§ **Dataset content**:
-=-=-

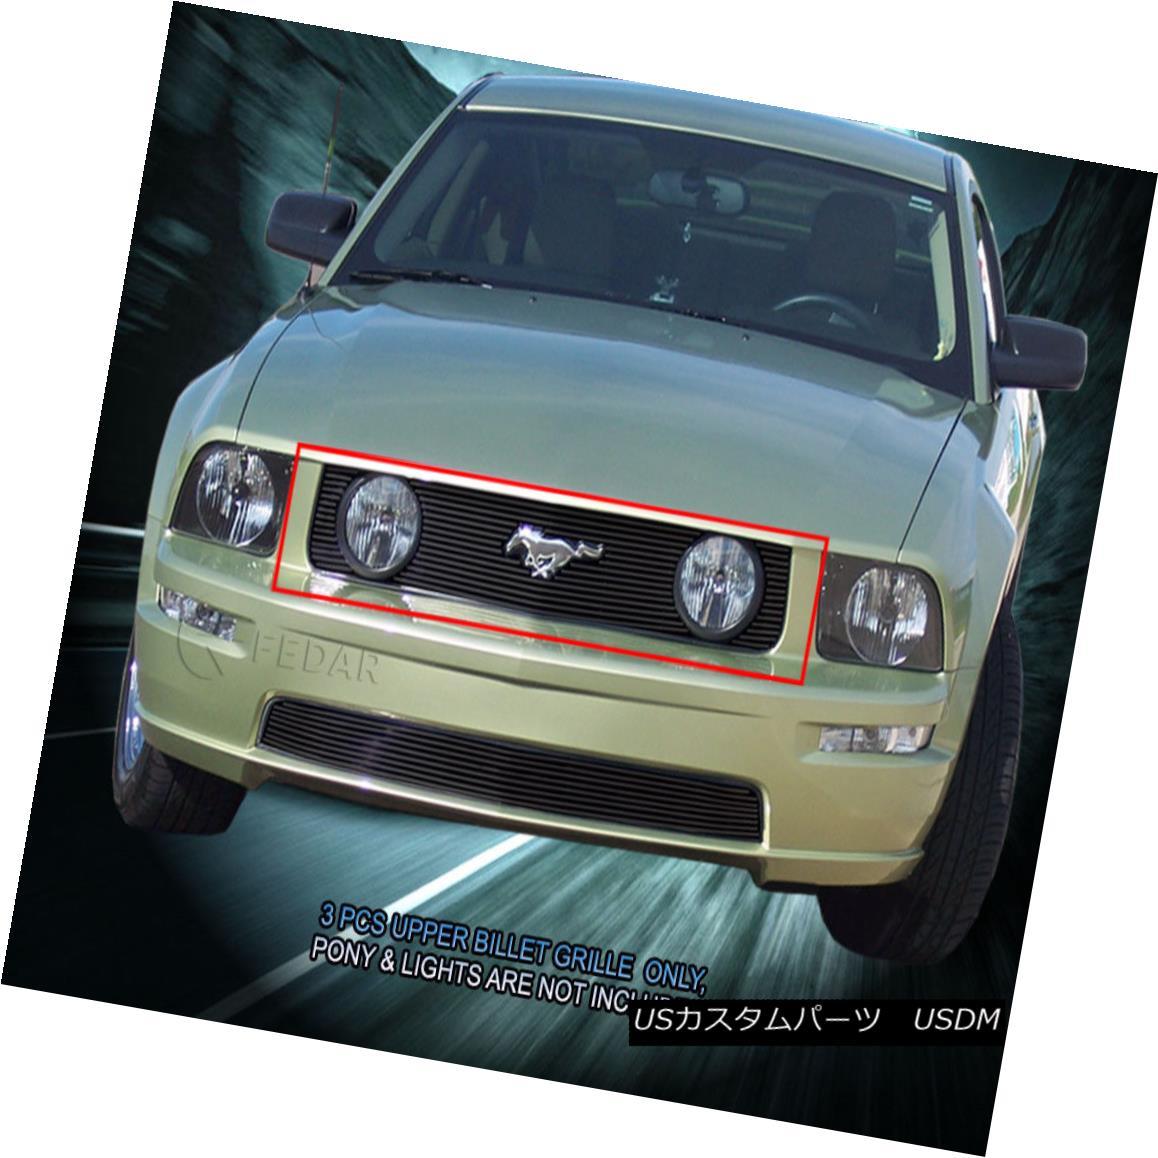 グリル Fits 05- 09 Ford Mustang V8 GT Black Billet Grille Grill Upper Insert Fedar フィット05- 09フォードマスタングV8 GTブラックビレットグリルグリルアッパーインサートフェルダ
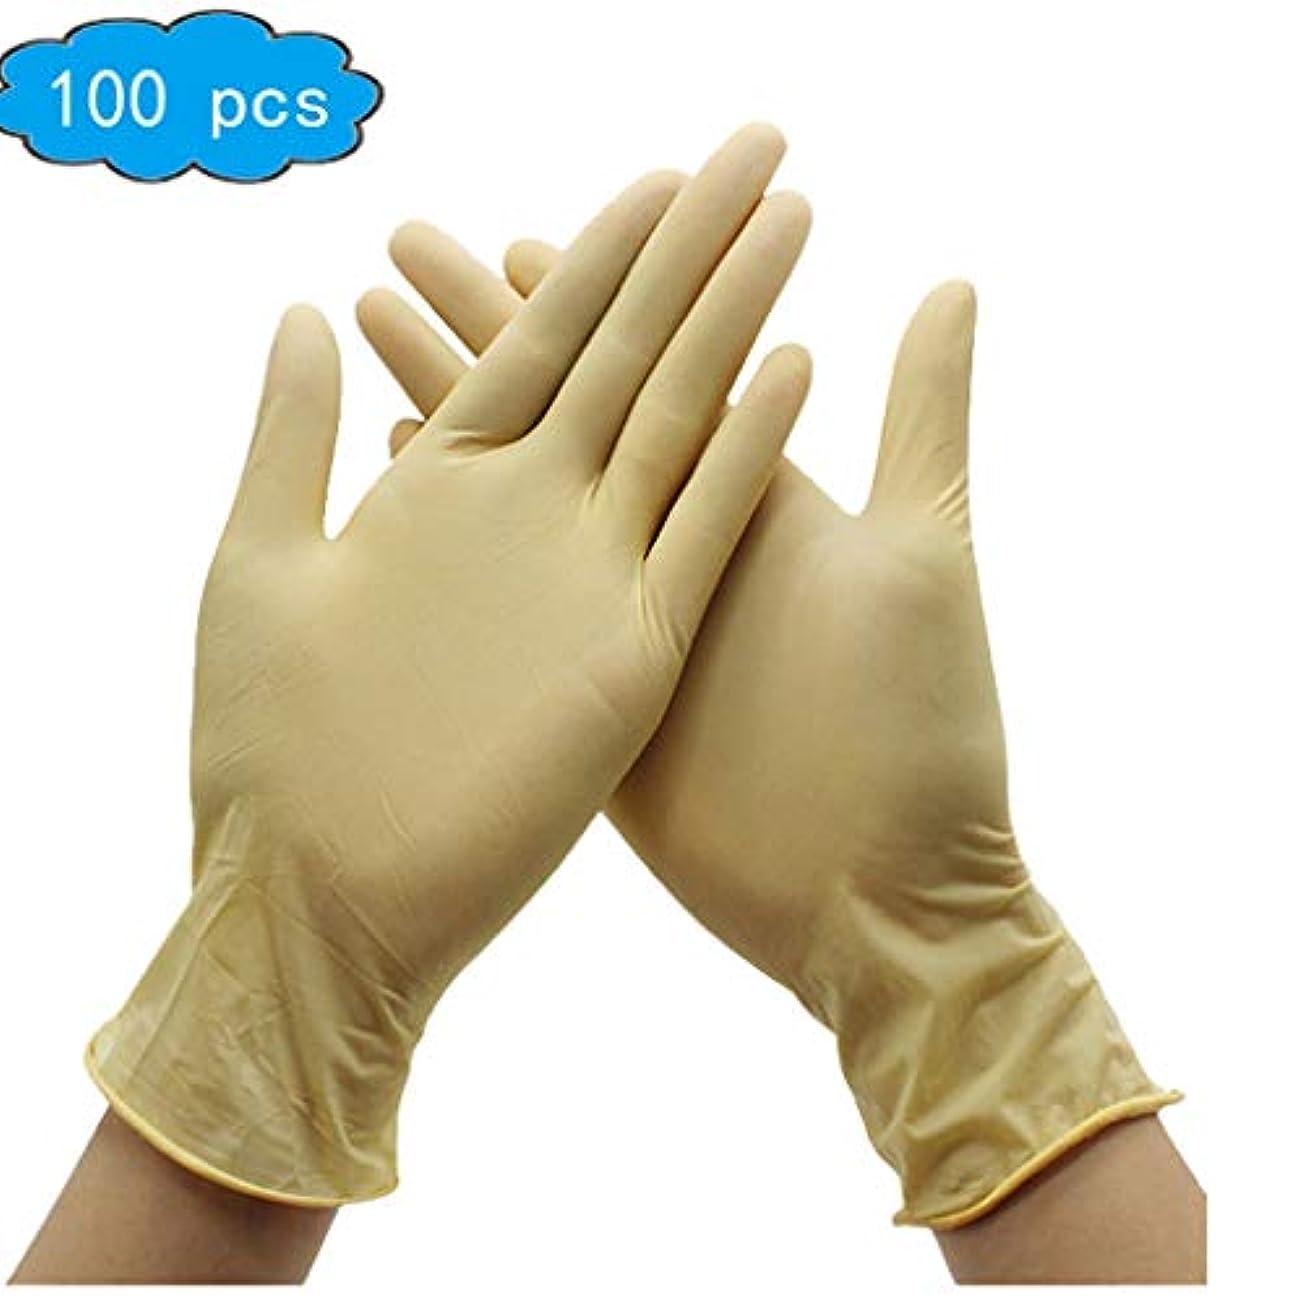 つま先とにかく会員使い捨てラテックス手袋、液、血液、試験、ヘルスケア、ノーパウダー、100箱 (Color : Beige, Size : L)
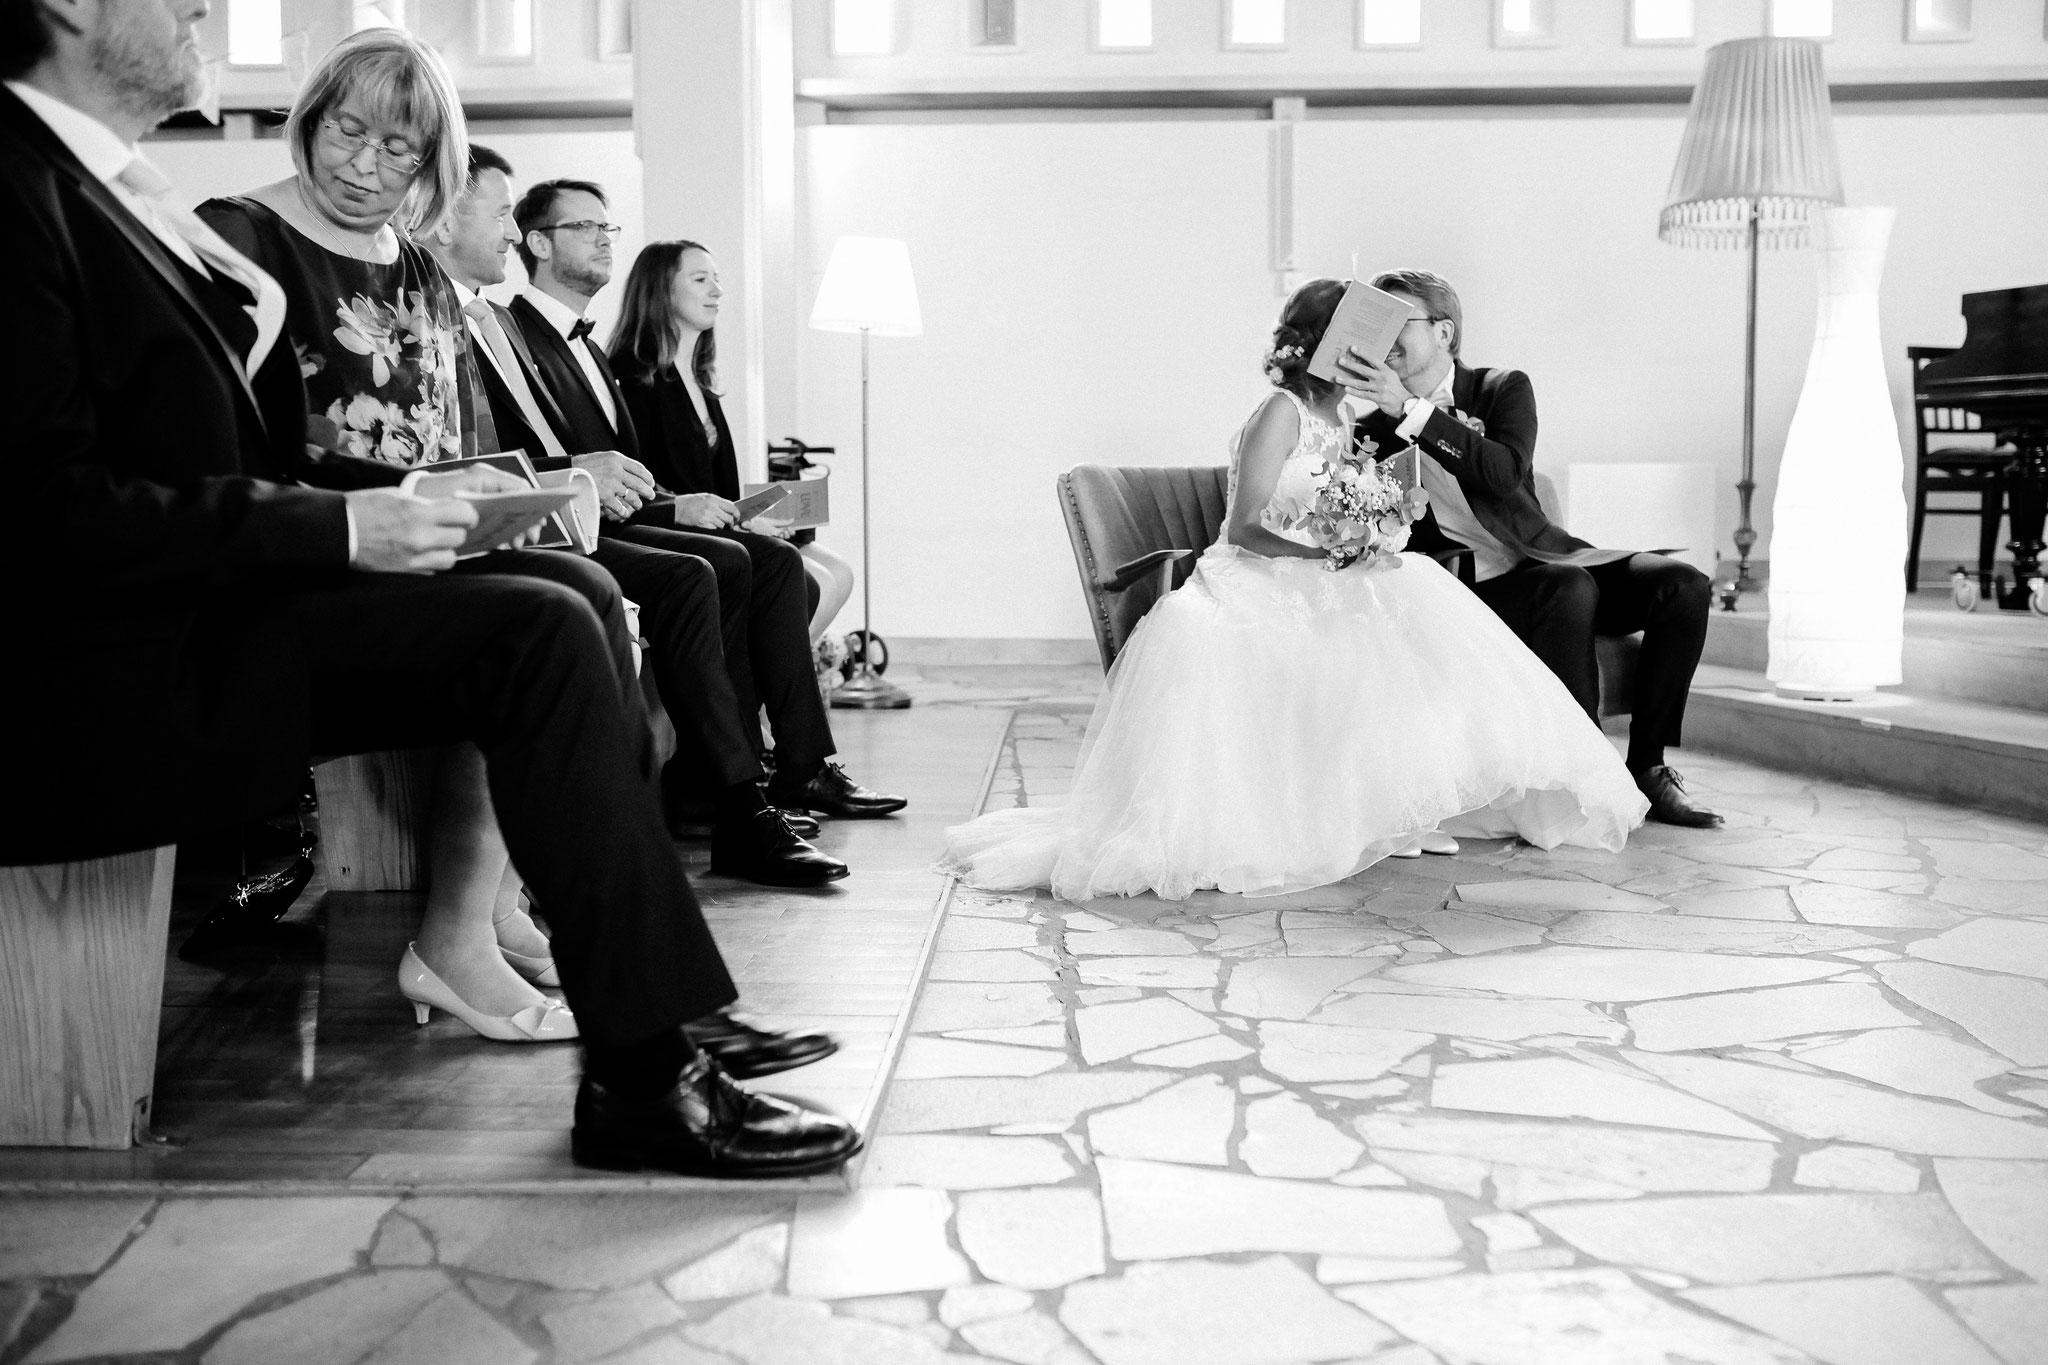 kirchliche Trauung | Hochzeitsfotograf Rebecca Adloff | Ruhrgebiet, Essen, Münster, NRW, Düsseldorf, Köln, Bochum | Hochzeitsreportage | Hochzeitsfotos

-=-=-

§ **Assignment**: Find the line with "Beige, Size : L)". Return it and each line after it through the end of the data, exactly, without pictures.

§ **Answer for this exercise**:
 つま先とにかく会員使い捨てラテックス手袋、液、血液、試験、ヘルスケア、ノーパウダー、100箱 (Color : Beige, Size : L)
 kirchliche Trauung | Hochzeitsfotograf Rebecca Adloff | Ruhrgebiet, Essen, Münster, NRW, Düsseldorf, Köln, Bochum | Hochzeitsreportage | Hochzeitsfotos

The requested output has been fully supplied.